According to Bloomberg, former Tesla engineer Doug Field remains in charge of the division overseeing the Apple car’s development but the project’s core management team—which consists of fewer than a dozen people—has suffered from at least three major departures already this year.
The most recent exit is reportedly that of Dave Scott, who recently left Apple to become the CEO at Hyperfine, which is a company working to create new and more affordable MRI systems. And just before Scott left, the person who was previously in charge of the Apple Car’s safety and regulations team, Jaime Waydo, also exited the company to become the CTO at the autonomous car startup Cavnue.
Finally, going back to February, Bloomberg says Benjamin Lyon, one of the original members of the Apple car team, quit to serve as the chief engineer for space and satellite launch company Astra.
While most predictions claim that the Apple Car won’t be ready until 2024 or 2025 at the earliest, rumors and reports regarding the Apple Car’s development continue to get a lot of attention as Apple entering the car world represents one of the company’s biggest most challenging new projects ever.
Back in January and February, reports came out saying that Apple had selected Hyundai’s E-GMP EV car platform as the base for the Apple Car, only for negotiations between Apple and Hyundai to fall apart a week later after some execs within Hyundai expressed concerns about being turned into a contract manufacturer for Apple, similar to the role Foxconn plays when it comes to making iPhones.
Bloomberg says that one of the issues plaguing the Apple Car’s development is multiple changes in scope. Back at the beginning of the project in 2014, Apple’s original plan was to build a vehicle to rival Tesla’s EVs. However, sometime in 2016, Apple reportedly narrowed its scope to simply developing an autonomous driving system instead of an entire car.
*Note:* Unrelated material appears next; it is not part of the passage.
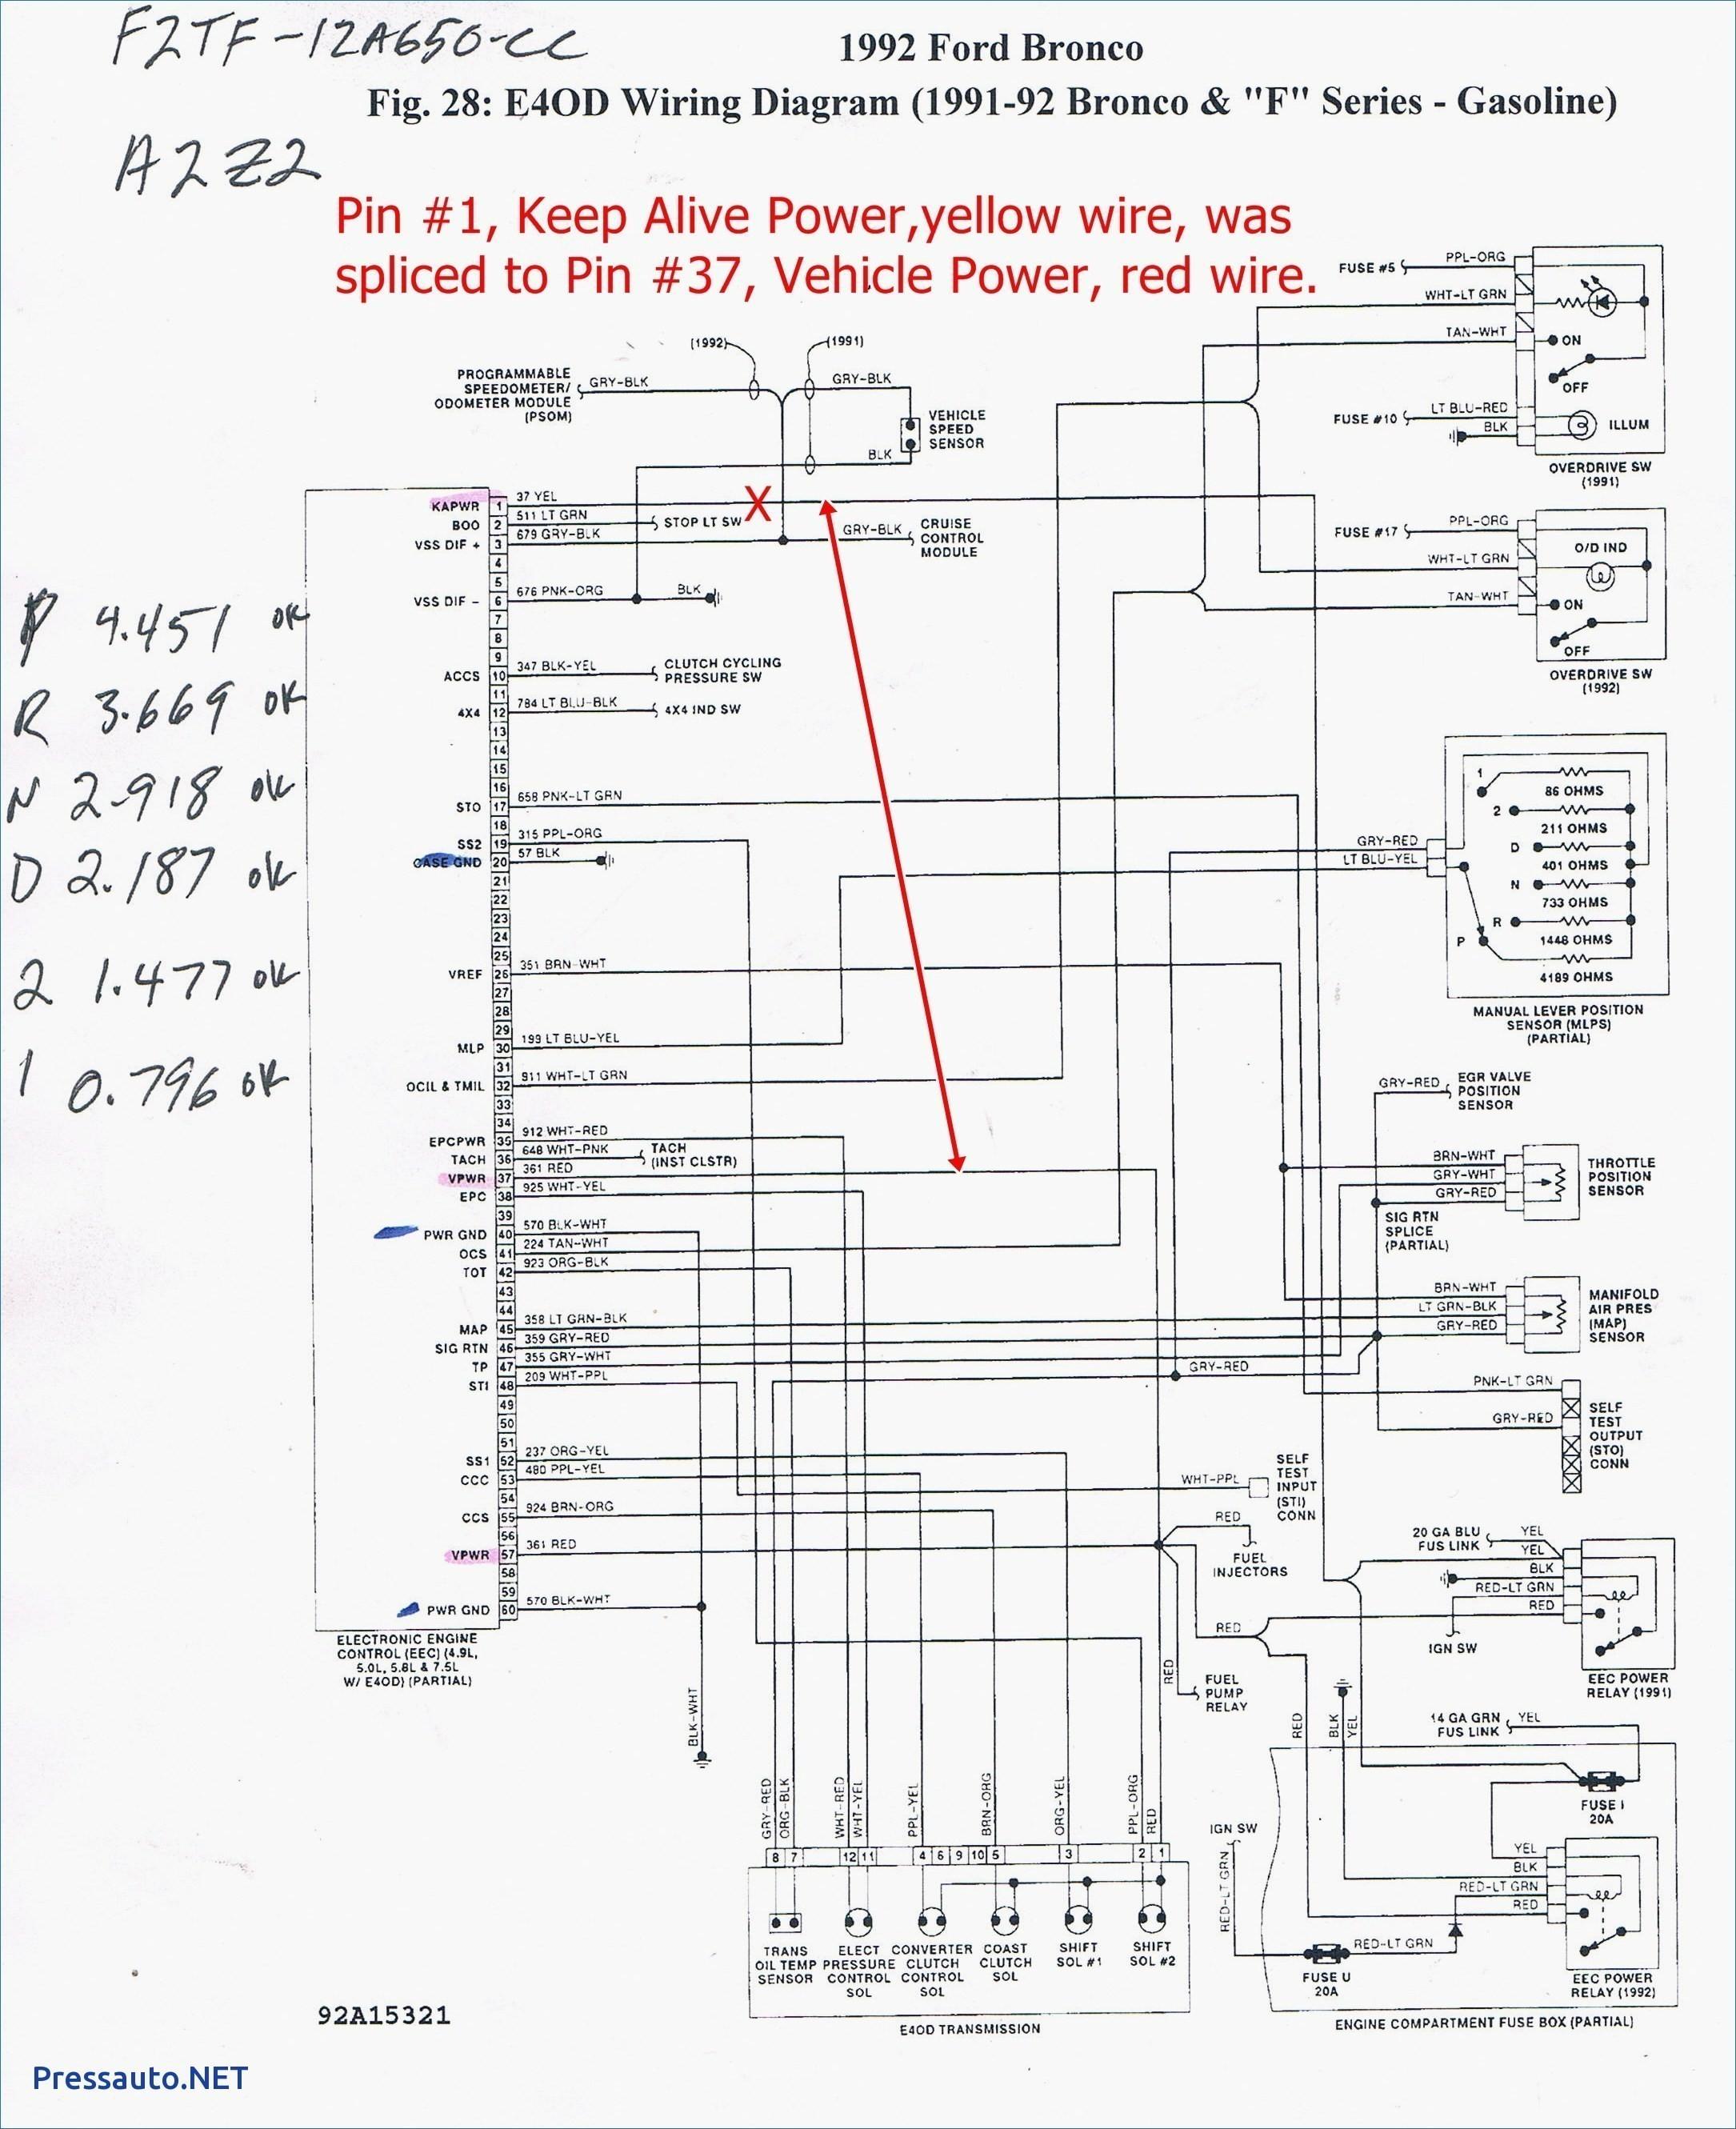 Best of 1997 dodge ram 1500 radio wiring diagram wiring diagram image 1997 dodge ram 1500 transmission wiring diagram valid stereo wiring diagram for 1997 dodge ram 1500 asfbconference2016 Images

But recently, it seems Apple has changed its priorities again back to creating a full self-driving electric car, potentially with the help of established EV makers when it comes to creating a core EV platform.
So while even the most aggressive estimates for the arrival of the Apple Car still place the vehicle’s release state three or four years away, if the company’s car division continues to suffer from an exit of talent and a change in focus, there’s a good chance people looking forward to the Apple Car could be waiting a lot longer than that.